Use the Panda library to load the csv data with the following:
- Load the csv data.
- Get a quick overview by printing the first 10 rows of the DataFrame, viewing the last 5 rows of the DataFrame, and showing all the rows.
- View the number of rows and columns in the data frame
- Get the dataframe information about the data set.
- Check the empty value.
- Replace Empty Values Using the value that appears most frequently.
- Check and Discovering Duplicates.
- Removing Duplicates.
Use the use the train_test_split helper function from Scikit-learn to split the training date and test data the following:
- Create the data features (X) and target labels (y).
- Randomly split the data features and labels into a training and test sets by holding 30% of the data for testing.
Use the TensorFlow and Keras library to build a neural network model with the following:
- Two hidden layer of 10 nodes, and the ReLU activation function
- Plot the model architecture
- Compile the model using the adam as the optimizer and using the mean squared error as the loss function.

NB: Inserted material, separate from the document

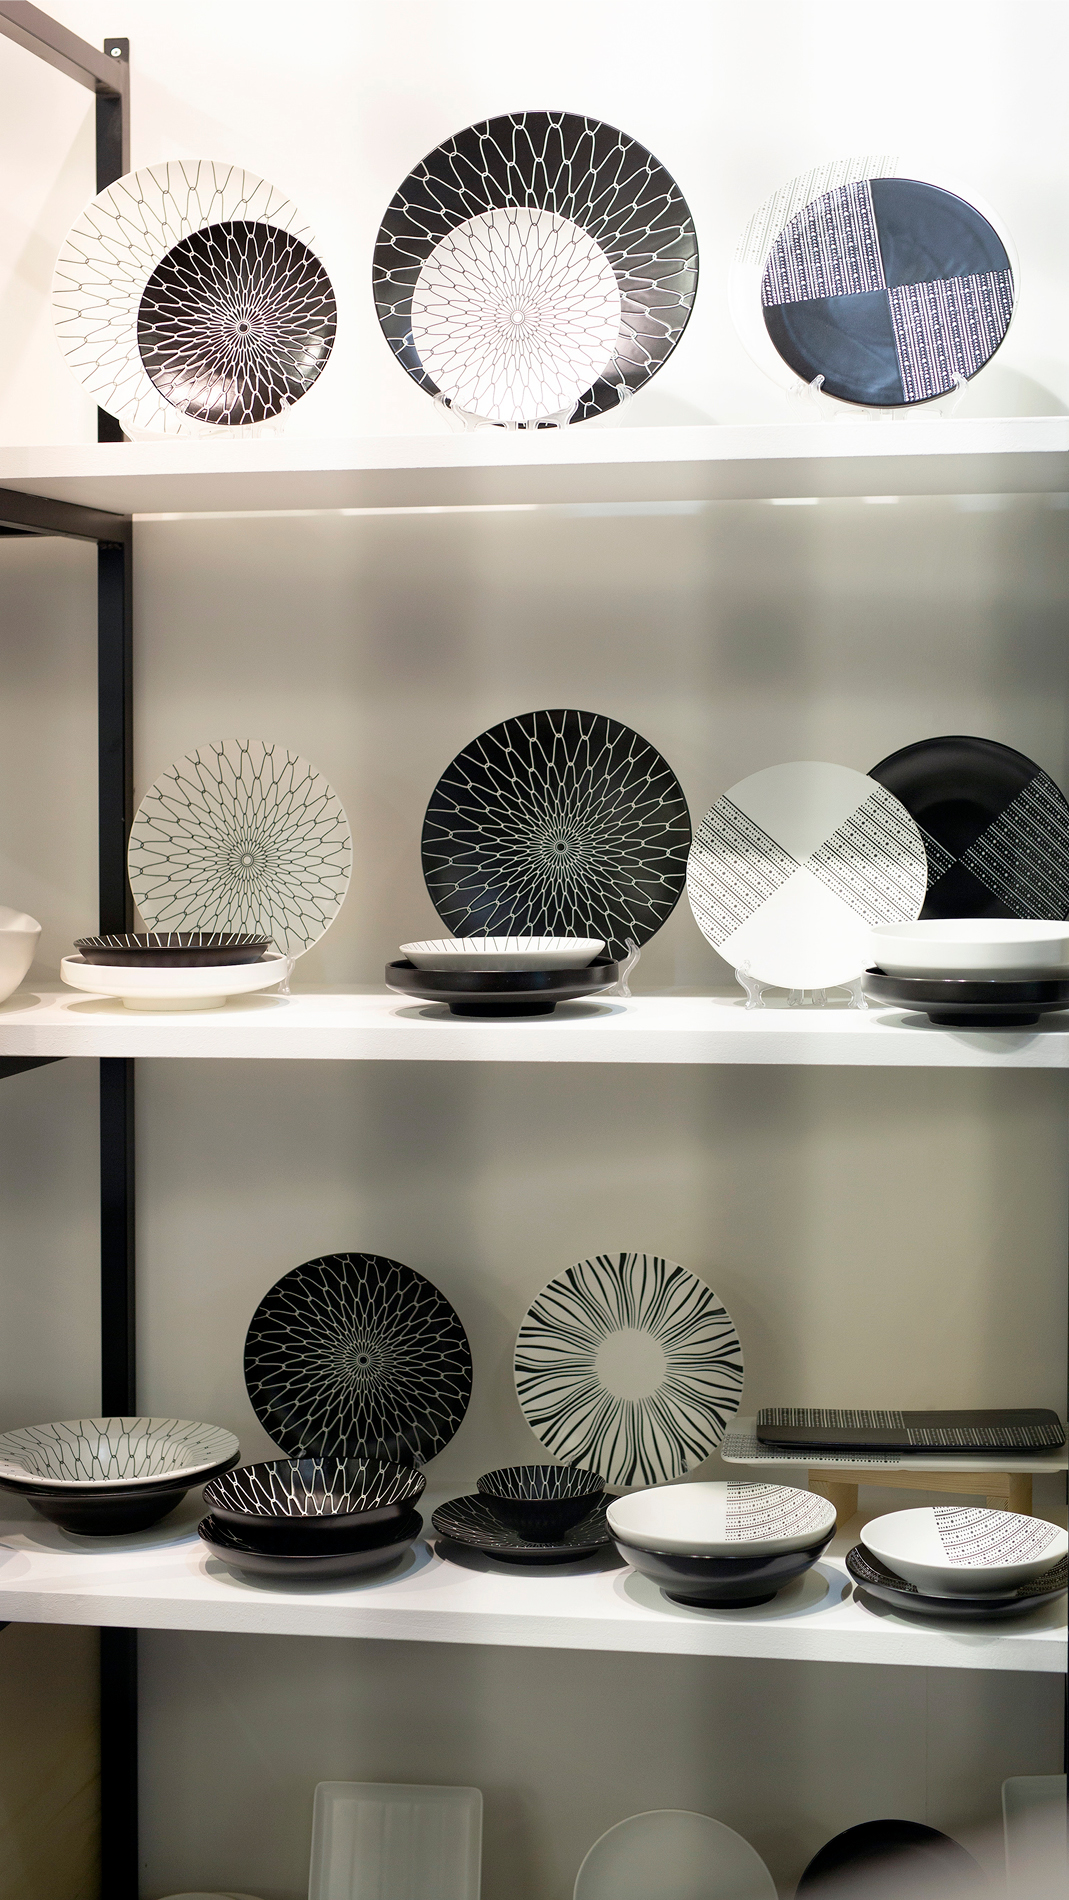 Plates and bowls at Ambiente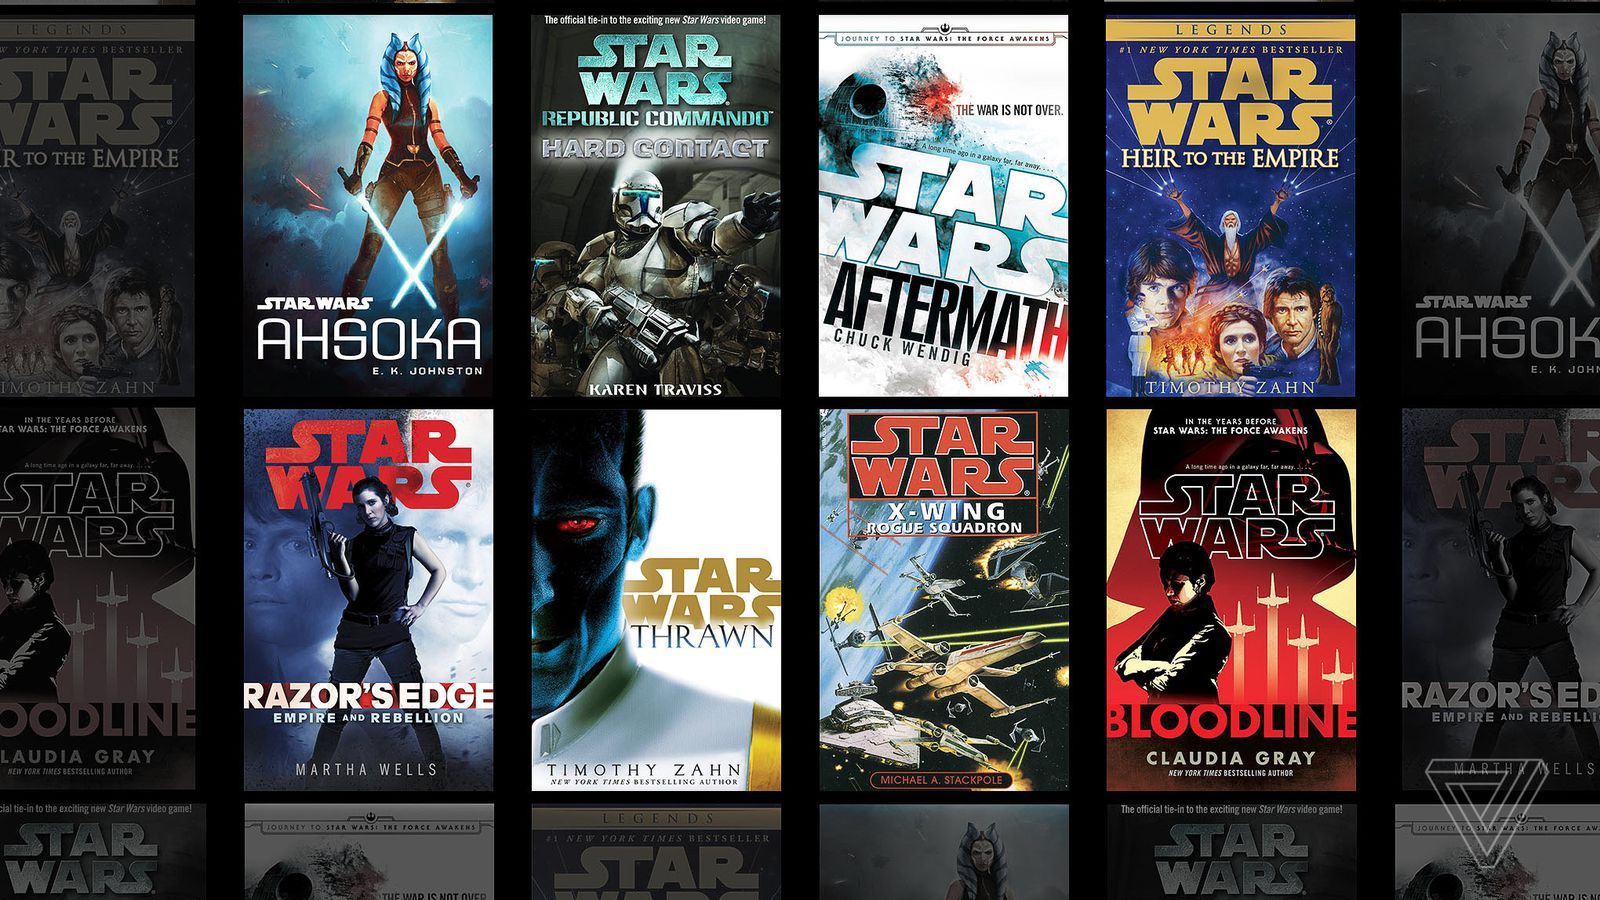 Star Wars reading list: where to start after you finish the movies

- Train the model on the training data using 100 epochs.
- Evaluate the model on the test data using model.evaluate
- Make predictions on test data using model.predict
Repeat Part C but use a normalized version of the data. Recall that one way to normalize the data is by subtracting the mean from the individual predictors and dividing by the standard deviation.
- Repeat Part C but use 250 epochs this time for training.
- prevent the overfitting using tensorflow.keras.callbacks.EarlyStopping(), if 30 epochs with no improvement by monitoring the validation loss, the training will be stopped,
F. Increase the number of hidden layers (5 marks)
Repeat part C but use a neural network with the following instead:
- Four hidden layers, each of 10 nodes and ReLU activation function.